As many financial authorities worldwide struggle to properly classify Bitcoin (BTC) and other cryptocurrencies, the Commercial Court of Nanterre in France has decided to qualify Bitcoin as a “fungible intangible asset” that is “interchangeable but not individualizable” on February 26, according to French media Les Echos. This puts Bitcoin on equal ground with other fiat currencies according to French financial regulations.
Legal cases involving cryptocurrency are known to be tricky due to vague crypto regulations or existing regulatory loopholes when laws do not provide an all-encompassing guideline to govern crypto and crypto-related businesses. So far, only a handful of countries have properly and legally classified Bitcoin; Japan was the first to recognize Bitcoin as money in 2016, while Wyoming in the United States classified cryptocurrencies as money in early 2019.
The French court had to take a stand on Bitcoin as a result of a legal dispute between a France-based crypto exchange platform Paymium, and alternative asset investment firm Bitspread, which is based in the United Kingdom. Both companies are in conflict over $350,000 worth of Bitcoin Cash (BCH), which Bitspread earned from the hard forking of BTC in 2017 following a loan of 1000 BTC by Paymium in 2014.
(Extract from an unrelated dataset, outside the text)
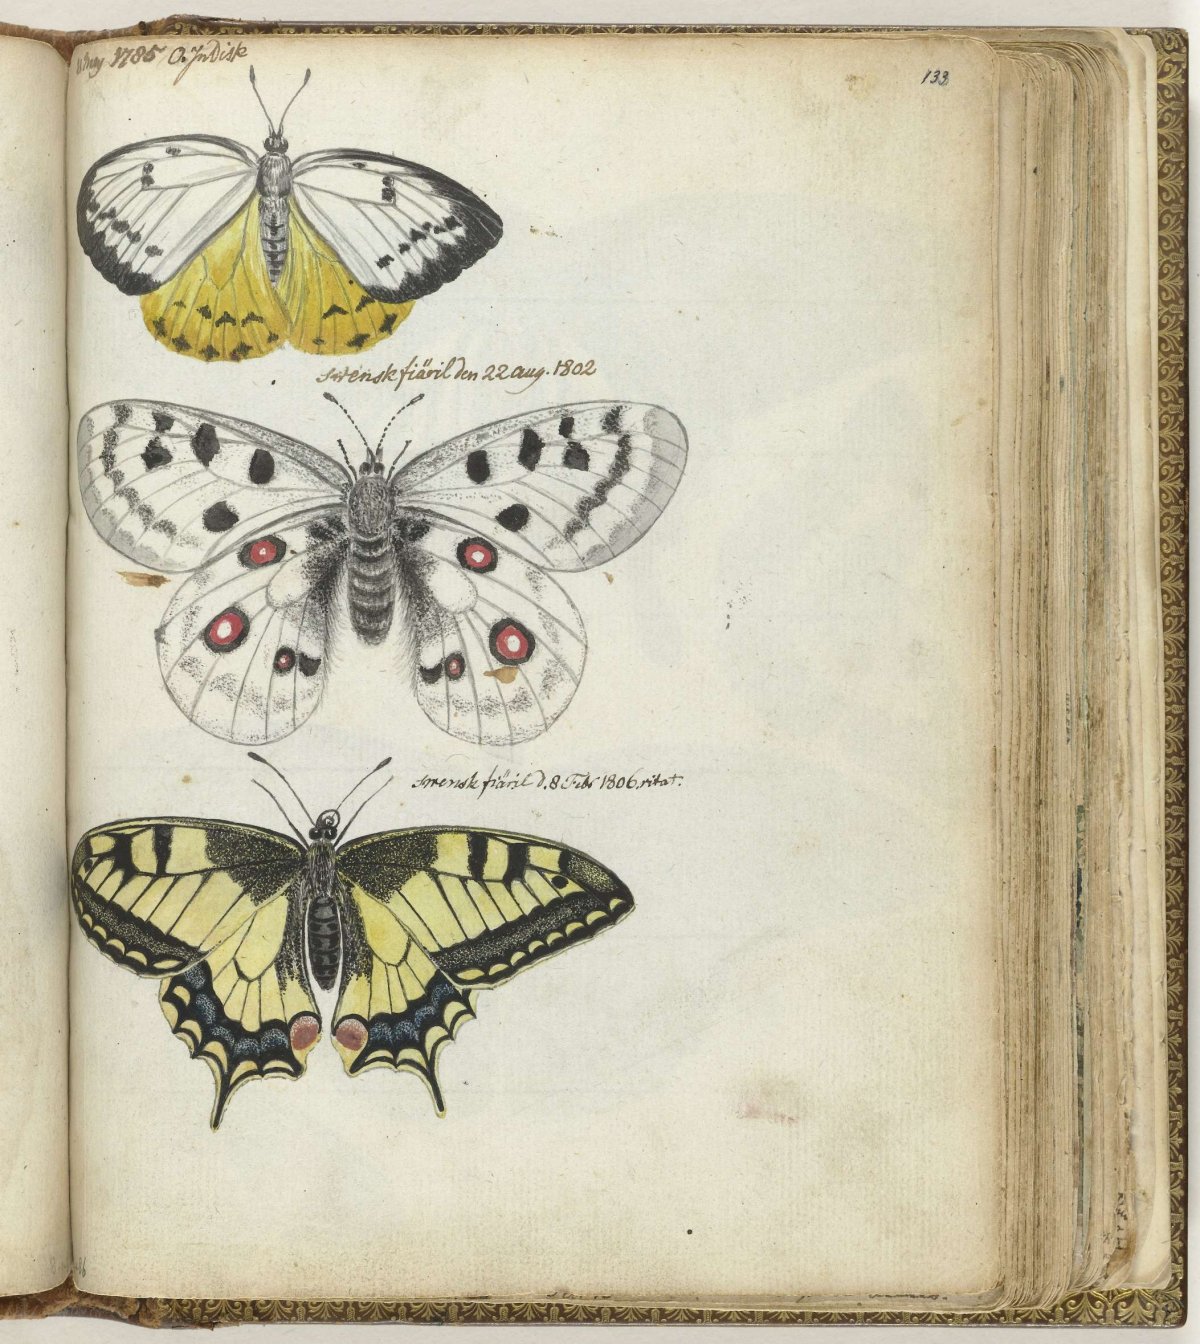 Javanese and Swedish butterflies, Jan Brandes, 1785 - 1806

The legal classification of Bitcoin was thus paramount for the court to make a decision on the dispute. As the court has chosen to classify Bitcoin as a fungible asset akin to fiat currency, loans in Bitcoin can be considered a “consumer loan”, which means that “ownership property” belongs to the borrowing party during the lease period. Therefore, Paymium does not have any right to claim the BCH earned by Bitspread in 2017, and is comparable to shareholders of a company owning dividends.
“The scope of this decision is considerable because it allows bitcoin to be treated like money or other financial instruments. It will therefore facilitate bitcoin transactions, such as lending or repo transactions, which are growing, and thus favor the liquidity of the cryptocurrency market,” says Hubert de Vauplane, a lawyer specializing at Kramer & Levin.